WASHINGTON - Republicans and business-friendly Democrats yesterday scuttled a plan to give people threatened with losing their homes more leverage in winning favorable loan terms from lenders in bankruptcy courts.

The Senate killed the plan, 58 to 36, on the first full day of debate on a bill designed to boost the slumping housing market.

The Democratic-backed bankruptcy law changes, opposed by banks and their GOP allies and a handful of Democrats, would have given judges the power to cut interest rates and principal on troubled mortgages to help desperate borrowers trapped in subprime mortgages keep their homes.

The idea was to give borrowers duped into abusive mortgages leverage in getting their loan terms adjusted. Such power, said the plan's chief proponent, Senator Dick Durbin, an Illinois Democrat, would have helped "more people than all of the provisions combined" in the rest the bill.

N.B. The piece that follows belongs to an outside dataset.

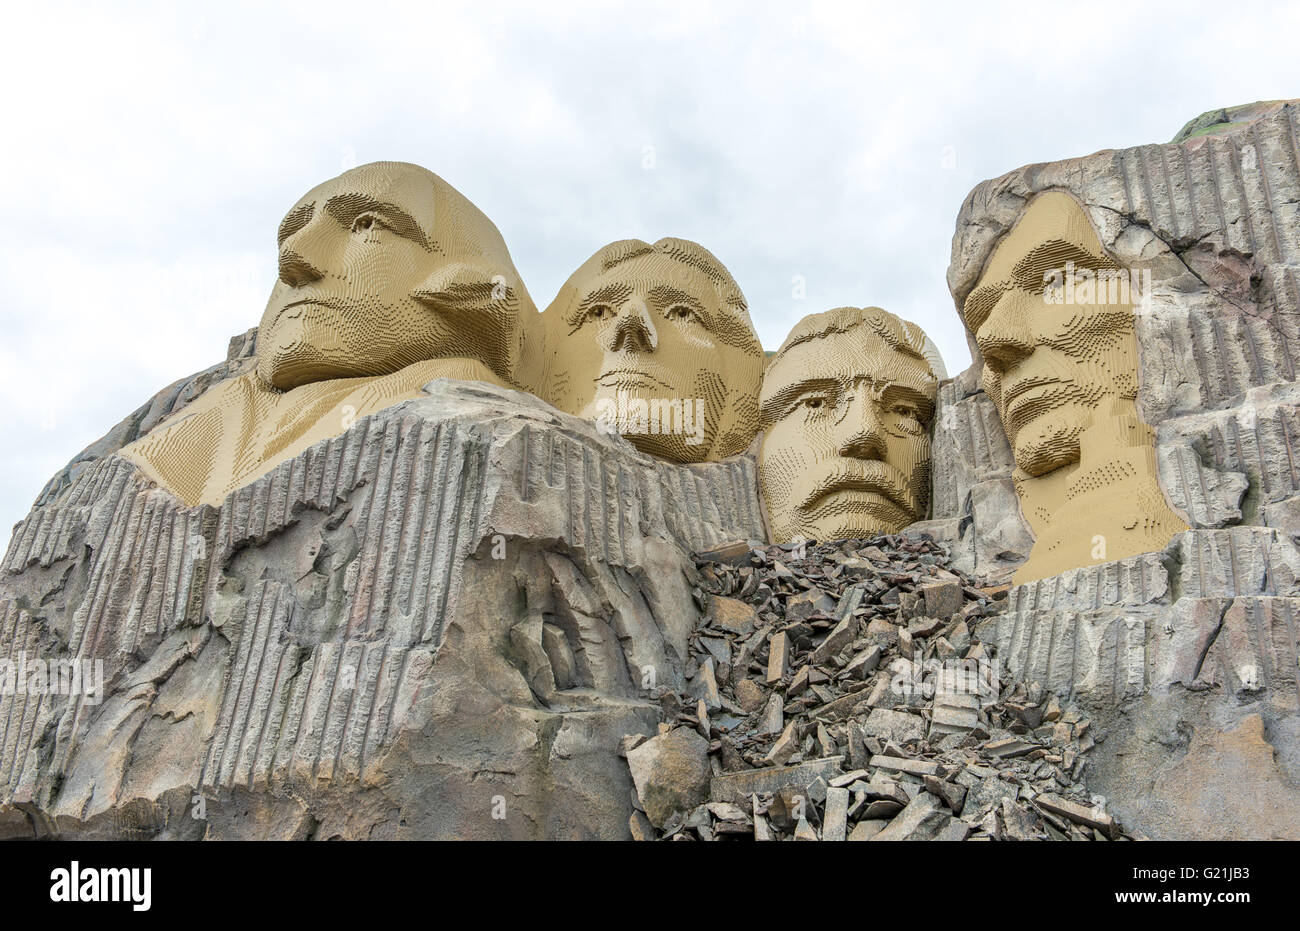 Portraits de Rock quatre présidents américains sur le Mont Rushmore, réplique faite de briques Lego, Legoland BILLUND, Danemark Banque D'Images
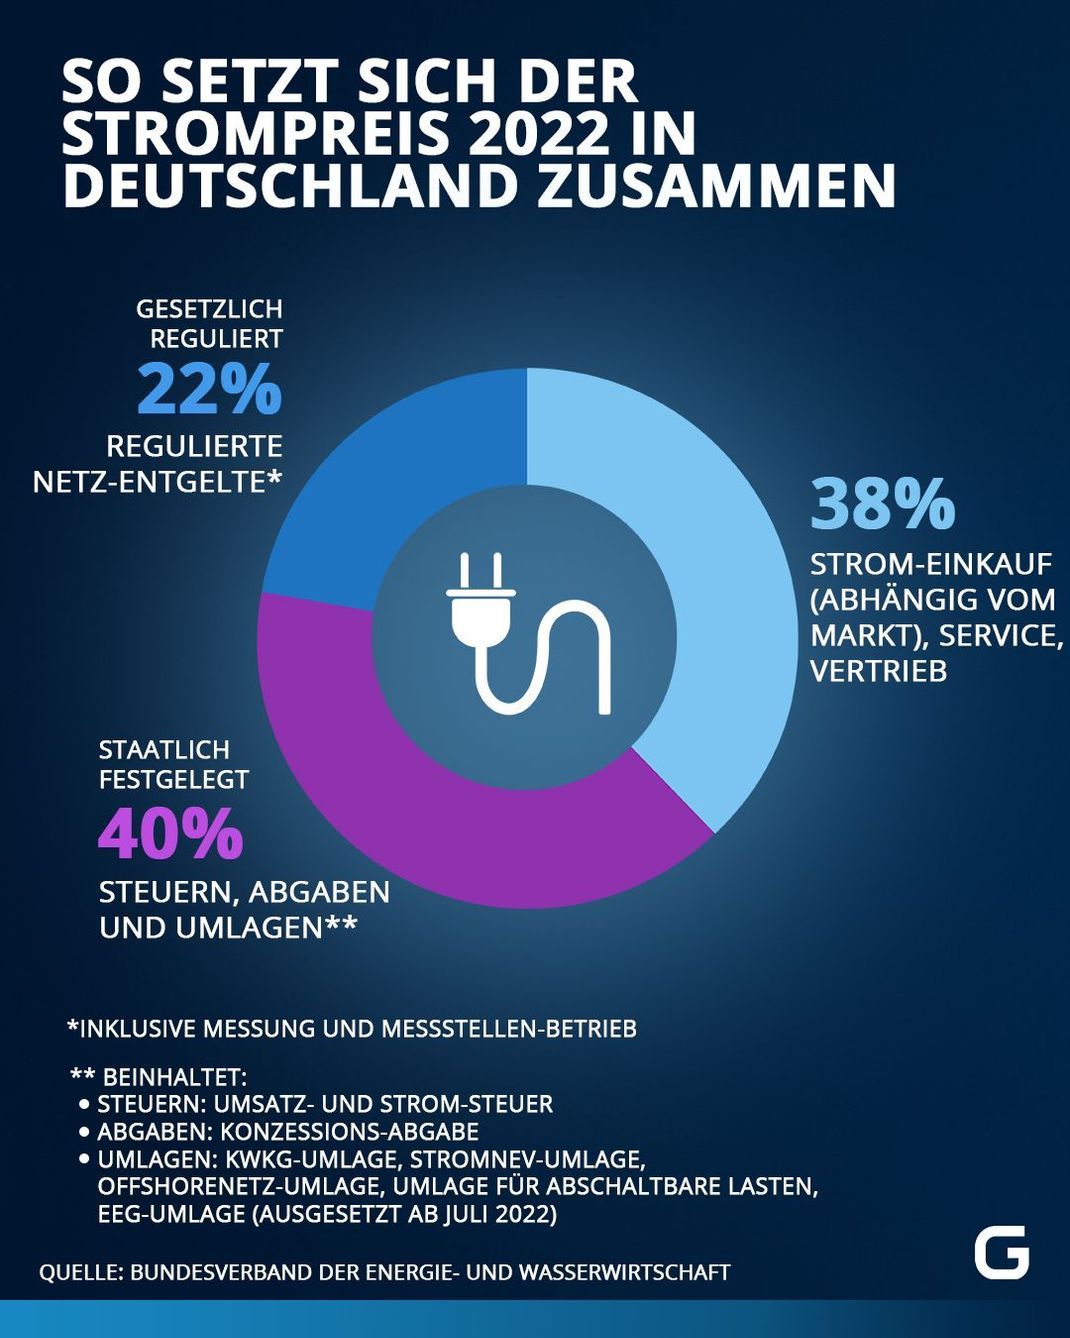 So setzt sich der Strompreis 2022 in Deutschland zusammen: 22 Prozent ist gesetzlich reguliert, 38 Prozent Strom-Einkauf, 40 Prozent Steuern, Abgaben und Umlagen.

But Republicans and 10 Democrats, along with Connecticut independent Joe Lieberman, scuttled the bankruptcy provision. Opponents argued that, despite modifications by Durbin, the proposal would hurt more than it would help by leading mortgage lenders to ratchet up interest rates and thereby put another drag on the soft housing market.

The defeat of the bankruptcy plan highlighted a weakness that many people find with the bill - that it showers generous tax breaks on money-losing businesses like home builders but does little to help people in foreclosure.

The measure is advertised as helping people keep their homes and injecting demand into the crippled housing market. But its most costly provision simply gives tax cuts worth $25 billion over the next few years to businesses like home builders and banks.

Meanwhile, it provides just $3 billion in tax relief to homeowners over the same period, according to an estimate by the Joint Tax Committee, which explores for lawmakers the effects of tax legislation on the Treasury.

The benefits to businesses also dwarf the $4 billion in the measure that would be provided to cities and towns to buy and refurbish foreclosed and abandoned homes. That provision is aimed at stabilizing communities and preserving values of neighboring homes.

Homeowners would benefit from $100 million to provide counseling to people threatened with foreclosure and help them in negotiating with their lenders. The measure also would provide new authority for states to issue $10 billion worth of bonds to be used to refinance subprime mortgages.